A TURMA DA SECRETARIA DA EDUCAÇÃO DE PAULISTA (1), QUE
CONTA COM O REFORÇO DE UMA CONSULTORIA EXTERNA; A FAMÍLIA DE JONILDA (2); UMA
DAS AULAS DE REFORÇO, GRATUITAS, NA SUA SALA DE ESTAR (3); O CARRO DE JONILDA,
ADESIVADO COM FOTOS DOS PRÊMIOS ENTREGUES A WANDERSON PELA PRESIDENTE DILMA
(4); WANDERSON, ESTUDANDO (5); O PÁTIO DA ESCOLA DE JONILDA (6); MIRIAM,
THAÍSSA, JOÃO PEDRO, LAURA E DANIELLY, OS MEDALHISTAS DE OURO DE 2012 (7)
(FOTO: MANOEL MARQUES NETO)
A força
Esforço
é outra palavra-chave do bê-á-bá de Jonilda. “Ela não se atém à rotina e isso a
torna especial”, afirma José de Arimatéia Fernandes, professor do Departamento
de Matemática da Universidade Federal de Campina Grande (UFCG) e coordenador da
olimpíada na Paraíba. Jonilda ganha R$ 1,2 mil como professora, por 30 horas de
aula semanais. Para complementar o salário, toca um pequeno negócio de
fotografias para eventos. Seu marido, Geraldo, é dono de uma oficina para
motos.
O
orçamento familiar é apertado. Ainda assim, ela não cobra nada por aulas de
reforço de matemática, que oferece para as crianças classificadas na segunda
fase da olimpíada. Essas lições complementares são ministradas todas as noites,
entre 19 e 21 horas, na casa de Jonilda. Este ano, participaram 18 garotos e
garotas, dos quais 13 foram premiados, quatro com medalha de ouro. Em um espaço
exíguo, o grupo se acomoda em mesas cedidas por comerciantes da vizinhança.

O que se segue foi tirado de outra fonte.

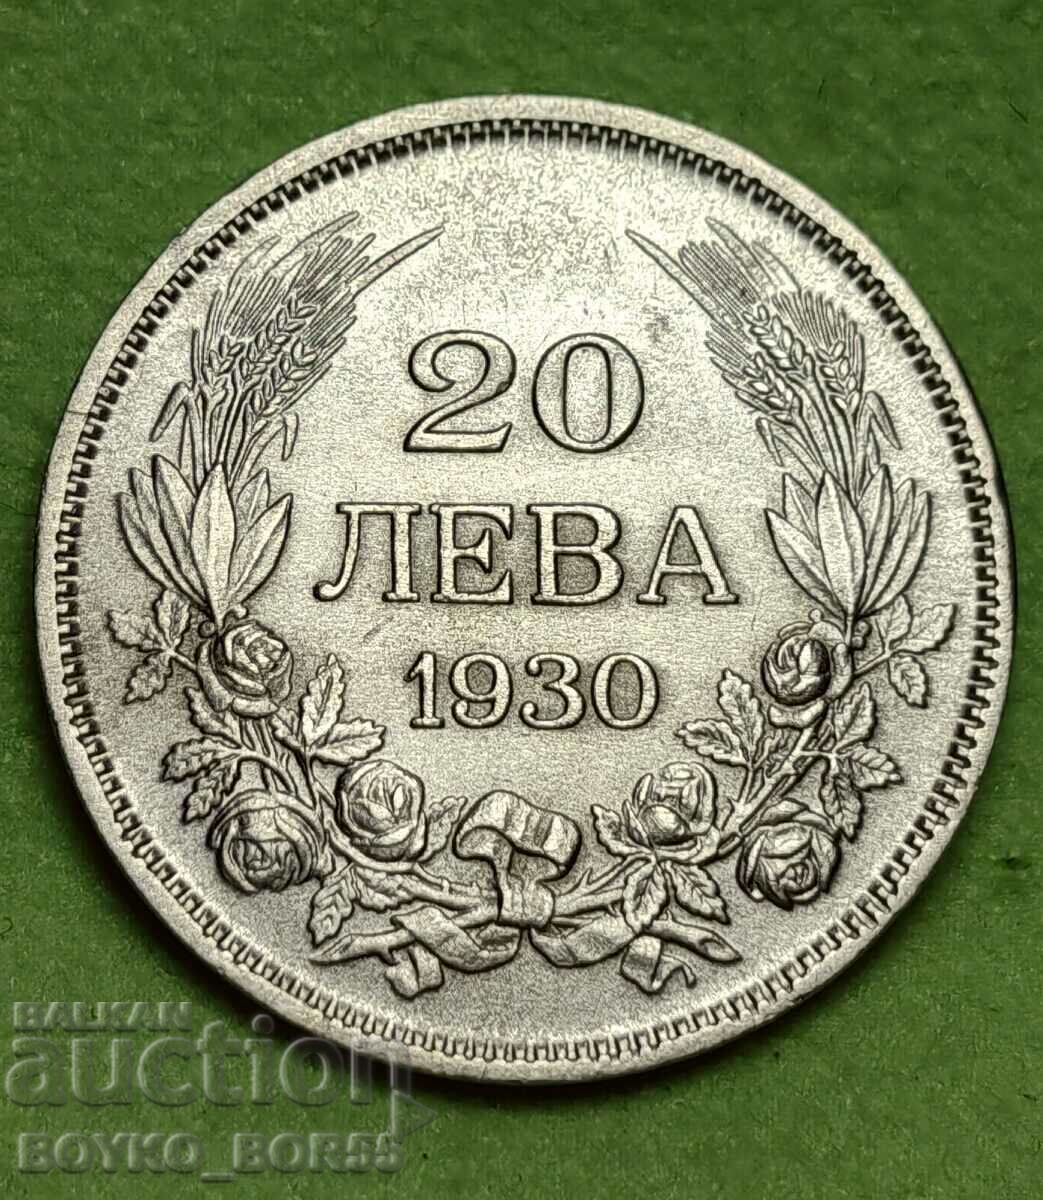 ΚΟΡΥΦΑΙΑ ΠΟΙΟΤΗΤΑ! Ασημένιο νόμισμα 20 Leva 1930

Elas ocupam o lugar destinado ao sofá, na frente da TV. Tamanho desprendimento,
porém, nem sempre é bem-visto pelos colegas de magistério. Alguns a criticam
por trabalhar mais e de graça. “Não ligo para os comentários negativos”, diz a
professora. “Não acho justo cobrar por essas aulas e pronto.”
O efeito
O
impacto das aulas de Jonilda irradia pela cidade. Hoje, os destaques nas
olimpíadas não se resumem aos alunos da escola Cândido de Assis Queiroga.
Thaíssa Coelho Farias, de 12 anos, por exemplo, ganhou uma medalha de ouro em
2012. Ela estuda em outro colégio municipal, o José Jerônimo Neto. “Acreditei
que, se os alunos de uma escola conseguiram, eu também poderia”, diz. “Mas não
nego: me inspirei no Wanderson, o filho da Jonilda.” Este ano, Maria Eduarda
Linhares Dunga, de 13 anos, estudante de uma escola da zona rural, também foi
premiada com uma menção honrosa.
Outro
dado surpreendente: a cidade registra uma migração de alunos de escolas
particulares para as públicas. No ano passado, sete garotos se transferiram
para o colégio de Jonilda. O que eles queriam? Se dar bem na olimpíada.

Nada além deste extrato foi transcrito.